R the number of significant digits leads to unexpected results of inequality using eval and parse text

97 Views Asked by At

I am working on boolean rules related to terminal node assignment for CART-like trees related to my work (http://web.ccs.miami.edu/~hishwaran/ishwaran.html)

I have noticed problematic behavior in evaluating inequalities of character strings using eval and parse of text. The issue has to do with how R evaluates the internal representation of a number.

Here's an example involving the number pi. I want to check if a vector (which I call x) is less than or equal to pi.

> pi
> [1] 3.141593
> rule = paste0("x <= ", pi)
> rule
> [1] "x <= 3.14159265358979"

This rule checks whether the object x is less than pi where pi is represented to 14 digits. Now I will assign x to the values 1,2,3 and pi

> x = c(1,2,3,pi)

Here's what x is up to 15 digits

> print(x, digits=15)
> [1] 1.00000000000000 2.00000000000000 3.00000000000000 3.14159265358979

Now let's evaluate this

> eval(parse(text = rule))
> [1] TRUE TRUE TRUE FALSE

Whooaaaaa, it looks like pi is not less than or equal to pi. Right?

But now if I hard-code x to pi to 14 digits, it works:

> x = c(1,2,3,3.14159265358979)
> eval(parse(text = rule)) [1] TRUE TRUE TRUE TRUE

Obviously in the first case, the internal representation for pi has many digits and so when R evaluates the expression, it is greater than the float representation and it returns FALSE. In the second case it compares two floats, so the result is true.

However, how to avoid this happening?

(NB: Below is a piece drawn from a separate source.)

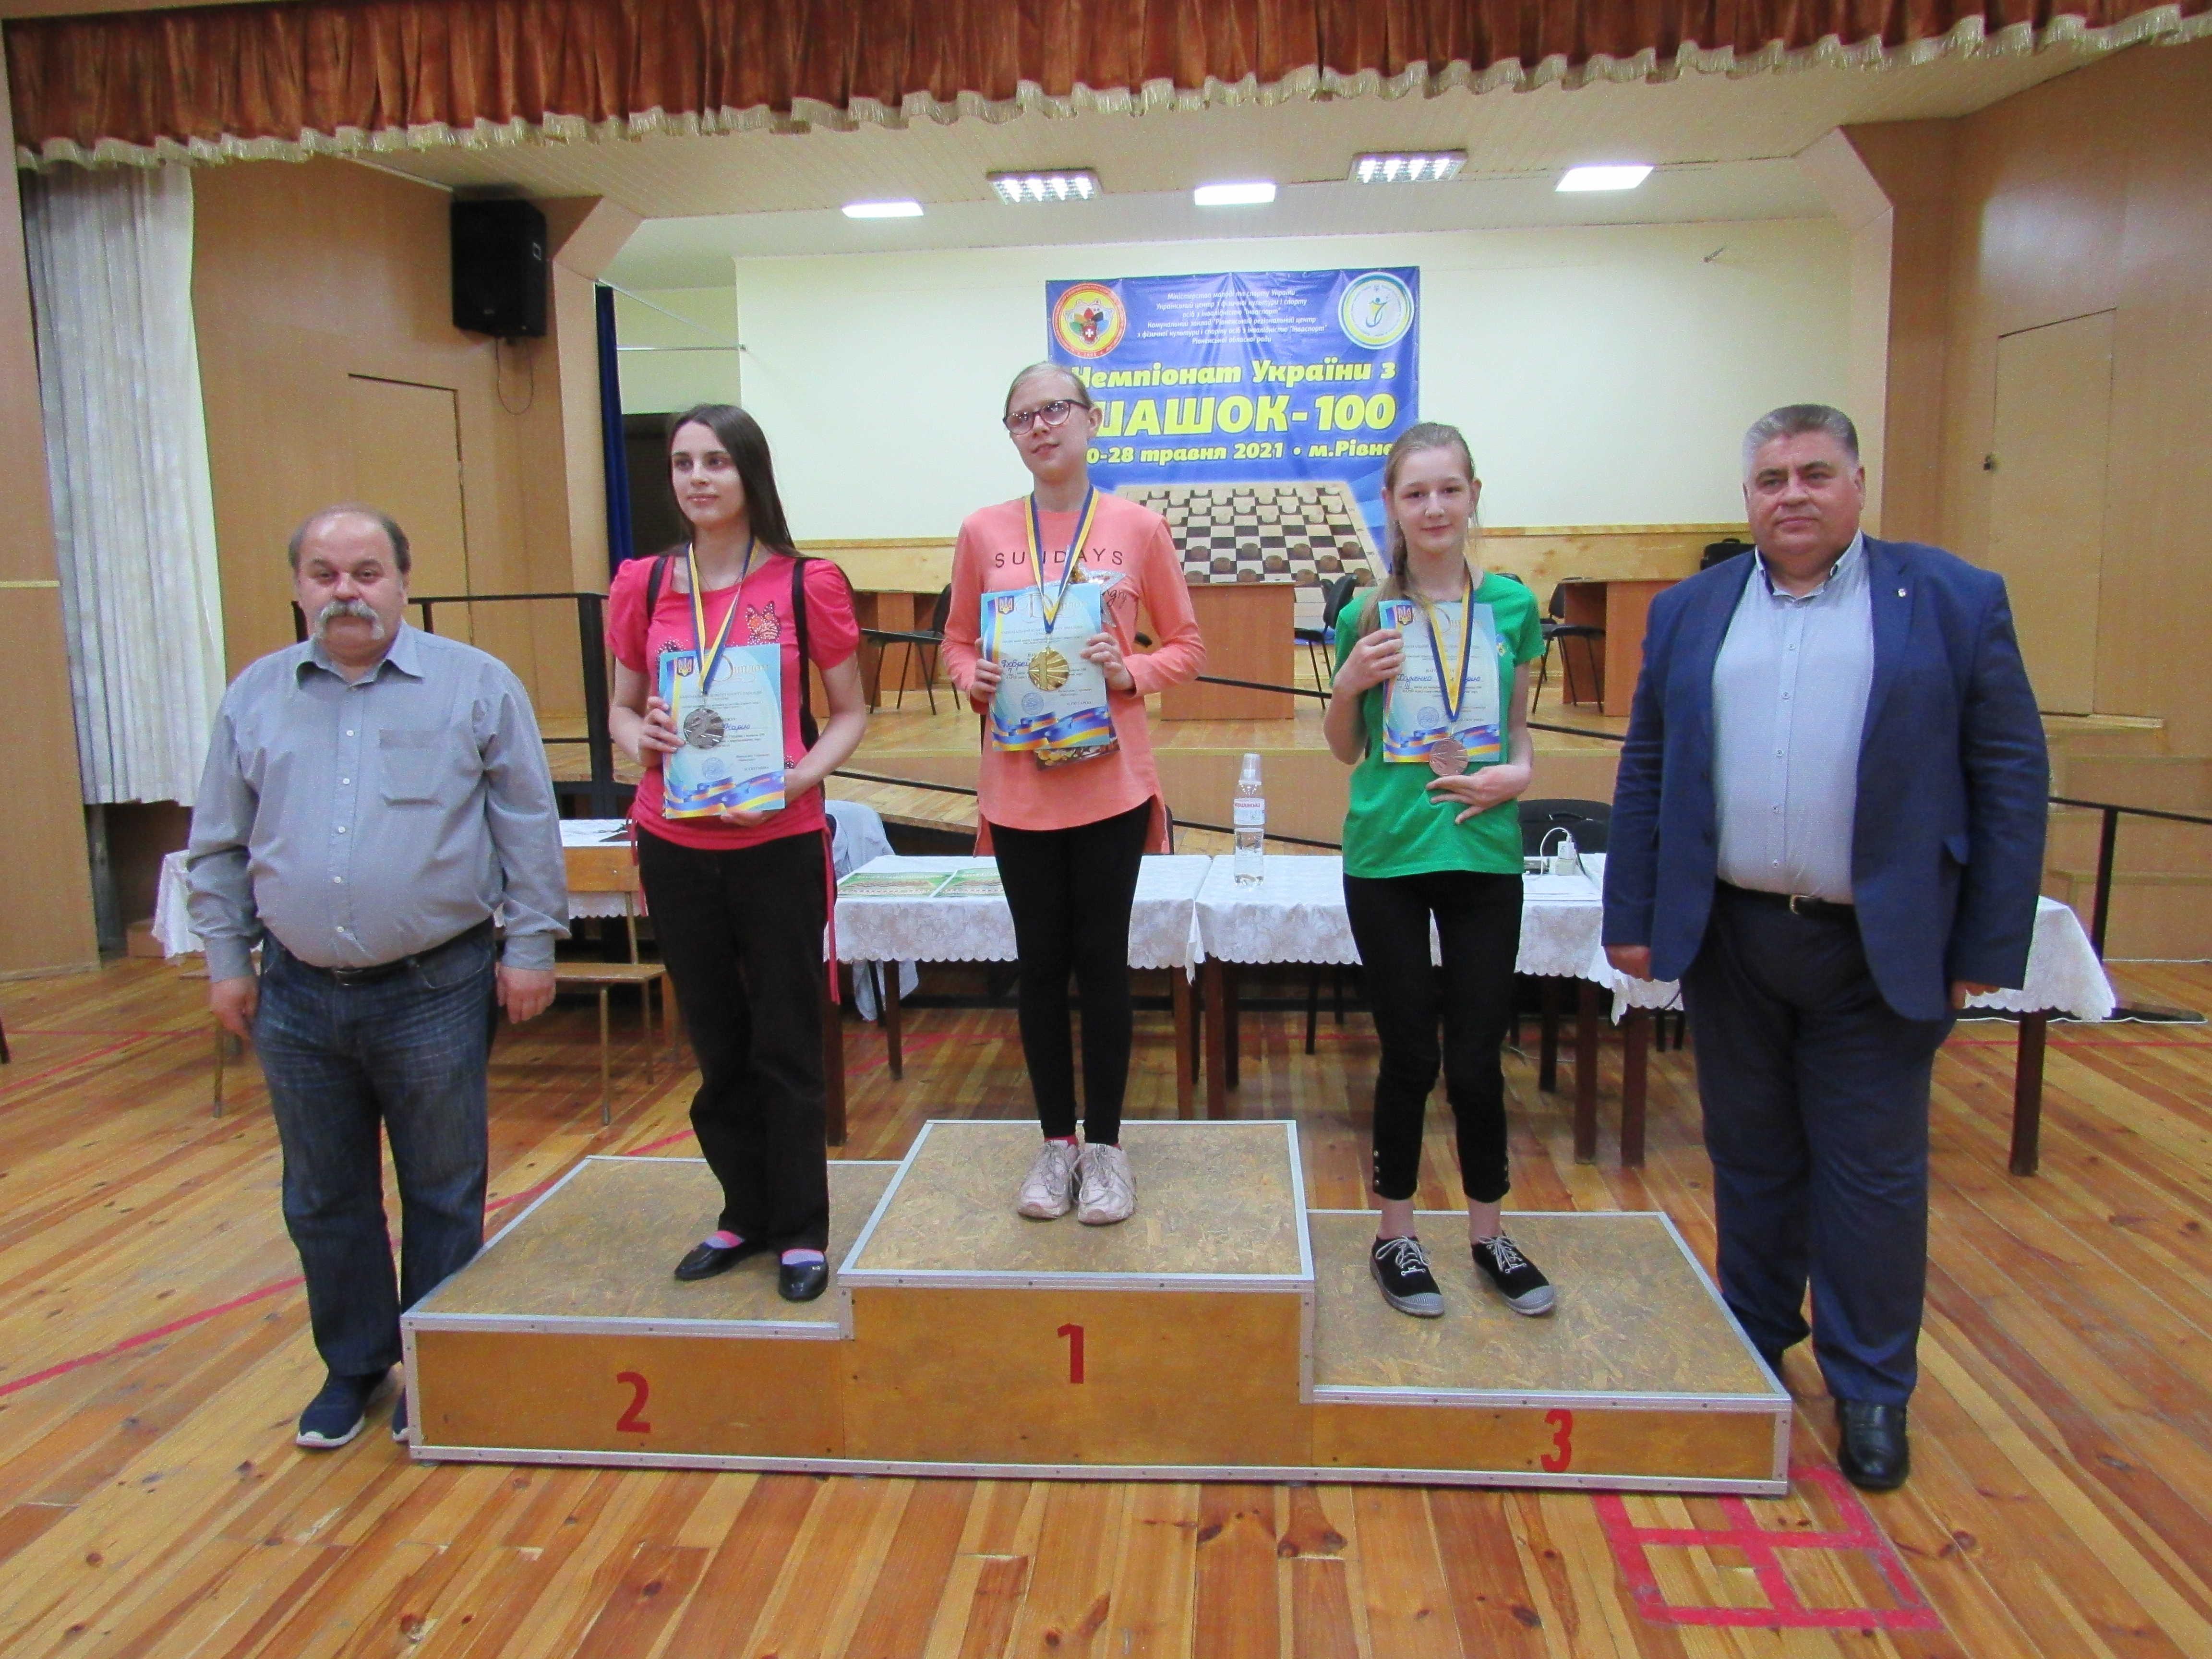 Рівненські спортсмени здобули декілька призових місць на чемпіонаті України, фото-4

I really need the first evaluation to come back true because I am automating this process for rule based inference and I cannot hard code a value (here this being pi) each time.

One solution I use is to add a small tolerance value.

> tol = sqrt(.Machine$double.eps)
> rule = paste0("x <= ", pi + tol)
> x = c(1,2,3,pi)
> eval(parse(text = rule))
> [1] TRUE TRUE TRUE TRUE

However, this seems like an ugly solution.

Any comments and suggestions are greatly appreciated!

1

There are 1 best solutions below

3
On

You could just go via the pi name or via a function instead, to prevent pi from getting stringified (which is your first problem here)


rule  <-  "x <= pi"
x  <-  c(1,2,3,pi)

eval(parse(text = rule)) ## All TRUE

## another way might be to throw stuff you need uneval'ed into a function or a block:

my_pi <- function() {
    pi
}

rule  <-  "x <= my_pi()"
eval(parse(text = rule)) ## All TRUE


You still will suffer from the usual floating point issues, but imprecise stringification won't be your problem anymore.

Here's why your approach didn't work:


> print( pi, digits=20 )
[1] 3.141592653589793116
> print( eval(parse(text=pi)), digits=20 )
[1] 3.1415926535897900074

The stringified pi is less than R's pi by a good margin.

The paste manual says it uses as.character to convert numbers to strings. Which in turn says it's using 15 significant digits which is what you are observing.